Here is the second ‘episode’ in my occasional series of Quarantine Quatrains. In the first I opened out the apparent prospect of real leisure and comparatively unmeasured time, which was how I thought the quarantine might develop, and how it seemed to start. Of course I soon discovered, like most of us, that it was potentially as busy as ever though in a more fragmented, haphazard, but nevertheless demanding way. Especially as our organic and nuanced encounters with one another in real life, in real time and place, are usurped by a flat onscreen exchange. In these quatrains I muse on the the ambivalence of our zoom-life, on the genuine sense of relief and connection it brings and yet, at the very same time, the way it emphasises and underlines our loss. It teases us with absence and yet it keeps connection and hope alive.

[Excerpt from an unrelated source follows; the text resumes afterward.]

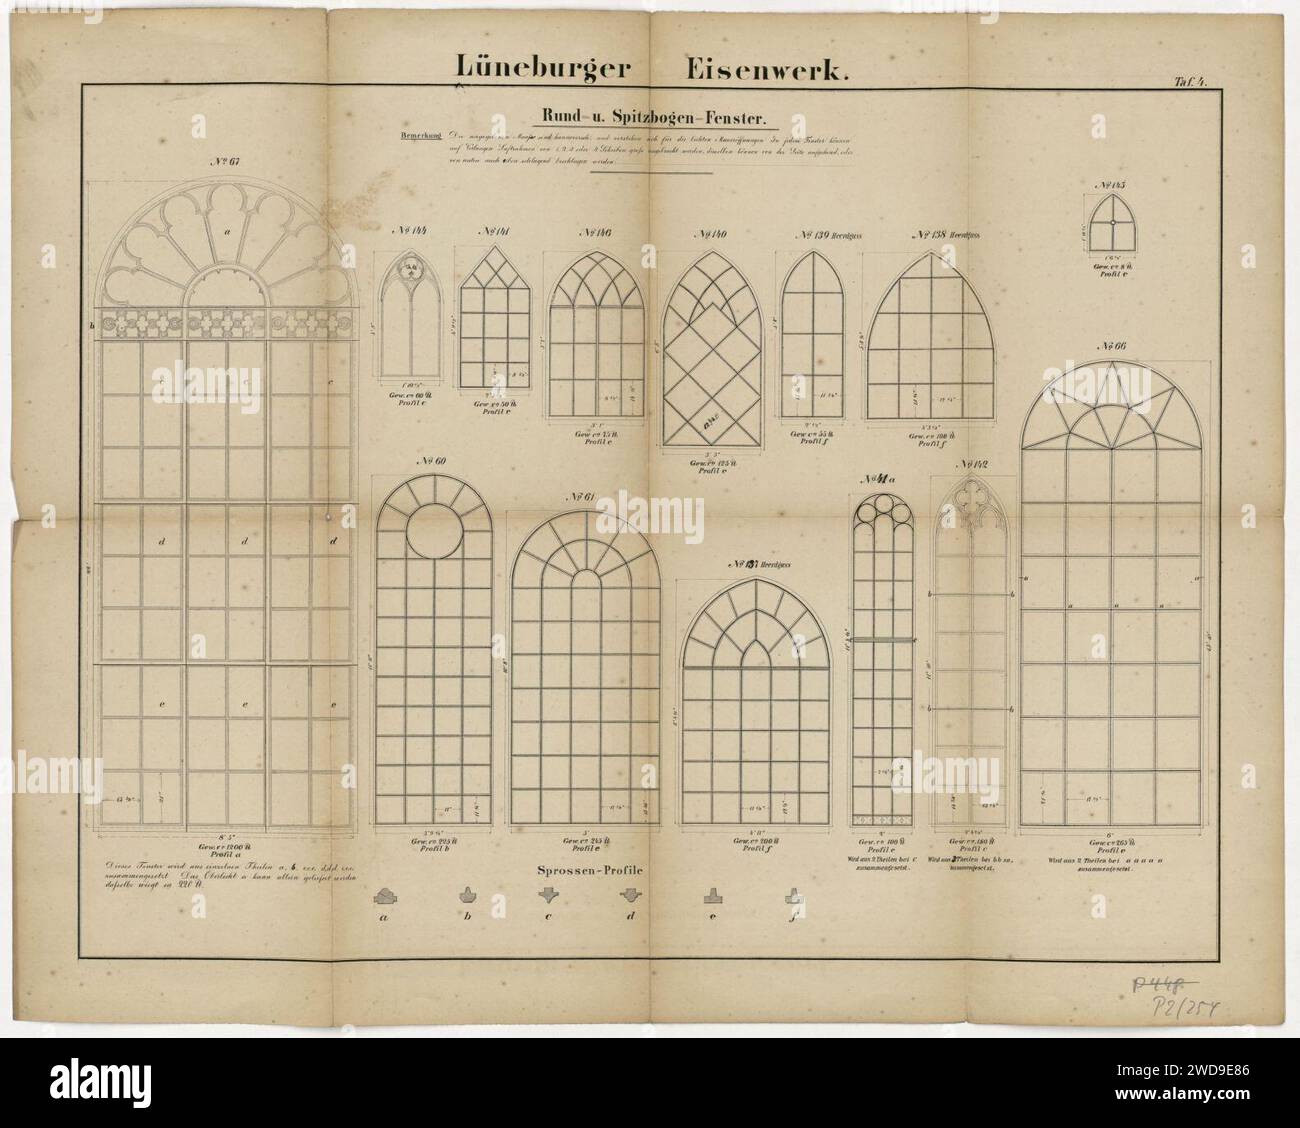 1890er Jahre circa Lüneburger Eisenwerk Tafel 4 Zeichnungen Rund-und Spitzbogenfenster, Stadtarchiv Duderstadt, Kulturerbe Niedersachsen. Stock Photo
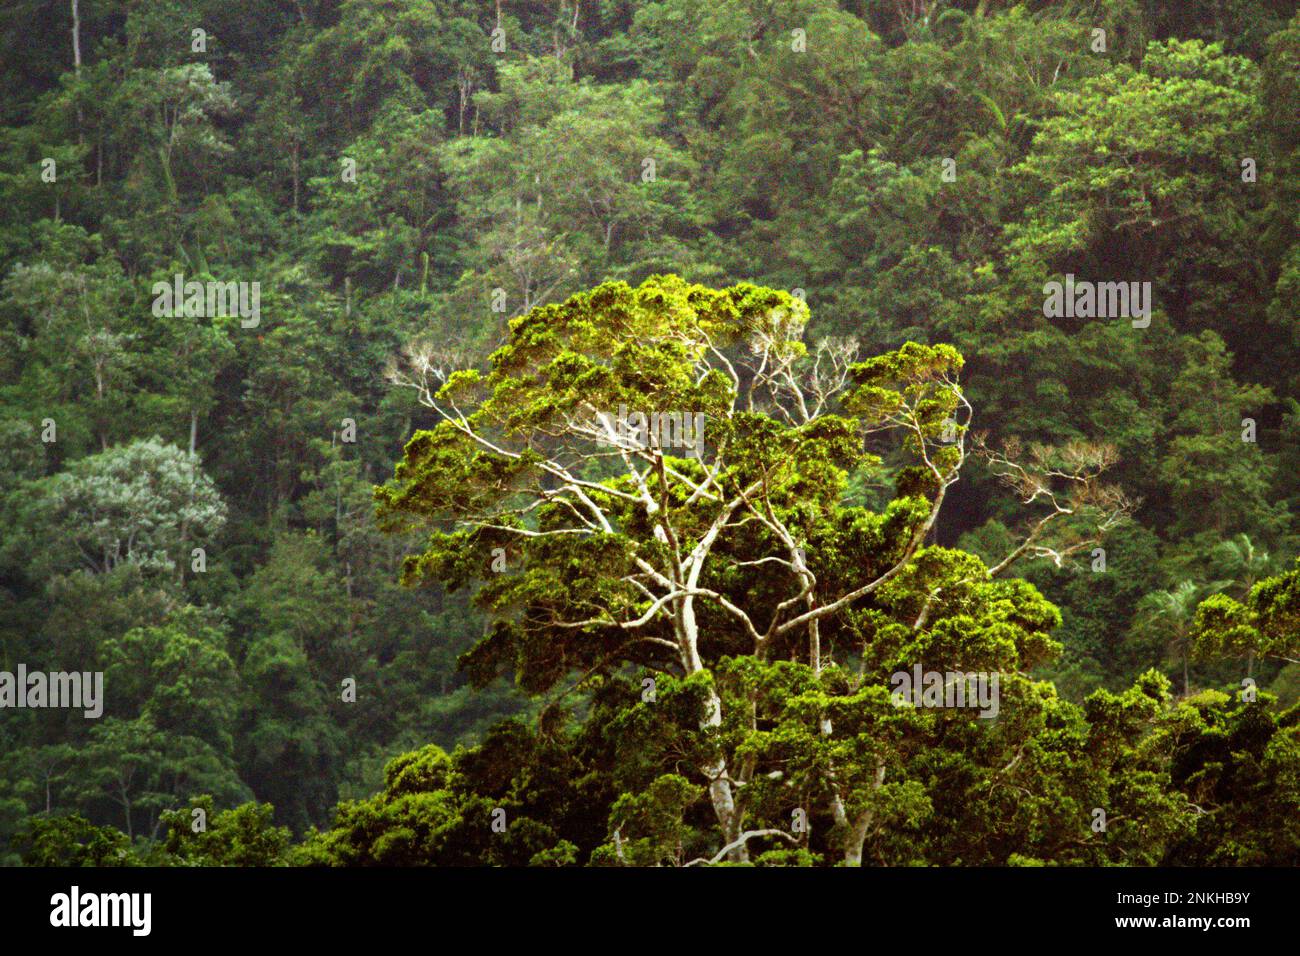 Bosque tropical al pie del Monte Duasudara en Sulawesi del Norte, Indonesia. Los bosques de la tierra, actualmente alrededor de 4 mil millones de hectáreas en total, siguen siendo un sumidero neto de dióxido de carbono, que colectivamente emiten 8,1 mil millones de toneladas métricas de carbono cada año y absorben 16 mil millones de toneladas métricas, según Jennifer Fergesen en su artículo publicado a tiempo el 18 de octubre de 2022. Las selvas tropicales del sudeste asiático son uno de los tres sistemas más grandes del mundo que son los pulmones de la tierra, junto con el Amazonas y la cuenca del río Congo. Foto de stock

Some days you are diverted by a call
The soft computer chime that summons all
To show a face to faces that we meet
Mirages, empty mirrors on the wall.
Alas that all the friends we ever knew
Whose lives were fragrant and whose touch was true
Can only meet us on some little screen
Then zoom away with scarcely an adieu.
We share with them the little that we know
These galleries of ghosts set in a row
They flicker on the screen of life awhile
But some have left the meeting long ago.
We used to stroll together on the green
Who now divide the squares upon the screen,
The faces of our friends, so far apart
Tease us with tenderness that might have been
Some day we’ll break the bread, we’ll pour the wine
And meet and kiss and feast beneath the vine,
Till then we’ll sweeten solitude with verse
And yearn through pain, and watch each day decline.